Mac and Star moved up through the crowd, both of them with that sheepish, guilty look that told me they’d been the accidental detonators. Star’s eyes were still wet; the poor kid looked like she’d been sick to her stomach the whole time.

“I’m sorry,”

Star said immediately when she reached us. Her voice wobbled.

“I didn’t mean-”

I shook my head and smiled at her, because I didn’t blame her. Whatever chain of events had led to Slayer’s storm hadn’t been malicious.

“It’s okay, Star. You didn’t mean to.”

Mac, who always played the professional face, couldn’t help laughing once the pressure finally broke.

“I kept my word when I said I wouldn’t tell anyone about you two,”

she said, like it was a badge she’d been wearing.

“I didn’t even tell my own daughter.”

Mason chuckled.

“It’s okay, Mac. I shouldn’t have made you promise not to tell anyone. Hell, now that everyone knows, I don’t know why we kept it a secret.”

I bumped him with my hip.

“You wanted to keep it secret,”

I teased.

“I was ready to tell the whole damn world.”

Mac shrugged like she’d been holding diplomatic keys to the city.

“I get it. It was pretty touch-and-go for a second with Slayer. I was pretty sure he was going to punch you into next week.”

She leaned in close, conspiratorial and very, very Mac. “Which,”

she added with a grin that gleamed.

“will make for great TV.”

My knees gave a little. The cameras. Of course. If it hadn’t been enough to be exposed to my family and the club, now television was going to have a field day. I could picture it, dramatic cuts, slow-motion kisses, my dad folding his arms for the headline. I almost laughed and then didn’t.

“Oh Jesus,”

I groaned. I looked at Mac with pathetic pleading in my eyes.

“Do you think maybe you could just accidentally delete the last half hour of footage?”

Mac’s expression was apologetic and gleeful at once. She shook her head slowly.

“Oh no, Adley. I thought Wrecker was going to be the star of the show, but now I have a feeling all of America is going to fall in love with you and Mason.”

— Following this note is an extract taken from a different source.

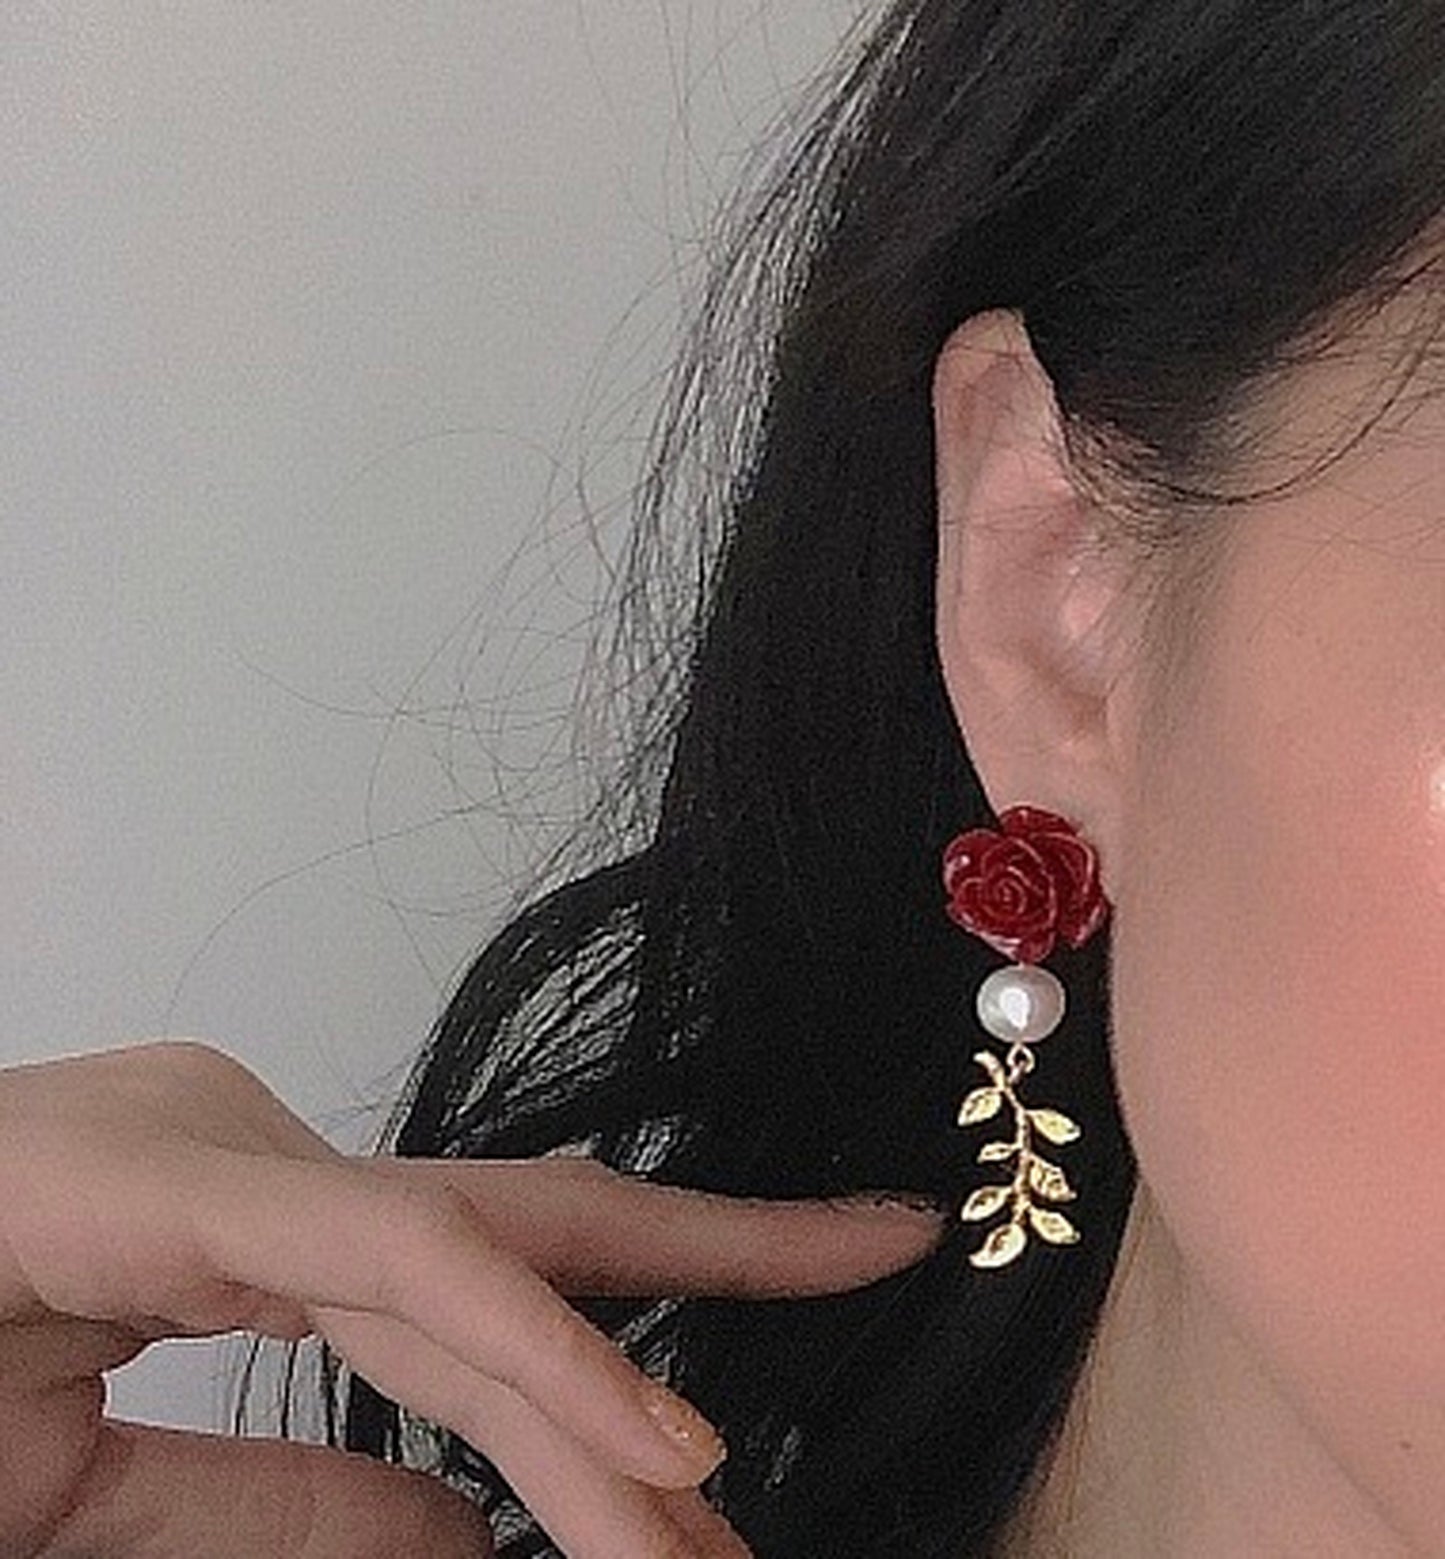 Princess Floral Earrings, Red Rose Wreath Earrings, Vintage Style Pearl Flower Earrings, Valentine's Day Earrings, Elegant Romantic Jewelry

I wanted to throttle her and hug her at the same time.

“Don’t you dare.”

She moved away with Star, already plotting and smiling like the producer who saw a narrative arc in every human mess. Mason drew me in closer and pressed his palm along the small of my back. Then, in front of the whole ridiculous assembled tribe, he leaned down and kissed me.

It was a simple kiss. Sweet and soft. I was startled at how flustered I felt having everyone witness it. We’d been keeping this behind closed doors for so long that public affection felt foreign and a little dangerous, but it was exactly what I wanted.

He pulled back with a crooked smile and a shrug that said he’d been saving that for the perfect moment and also didn’t give a damn.

“Are you okay with all of that being on film?”

I asked, half-joking, half-worried.

He looked at me with that steady warmth that made my knees wobble.

“Just as long as America knows I fell in love with you first before they did,” he said.

I pressed my arms around his neck, fully ignoring decorum, and he wrapped his hands around my hips and pulled me into him.

“Do you want to stick around for the grad party planning?” he asked.

I curled my fingers into his cut and melted a little against his chest.

“I had planned on it, but now there is something else I want to do.”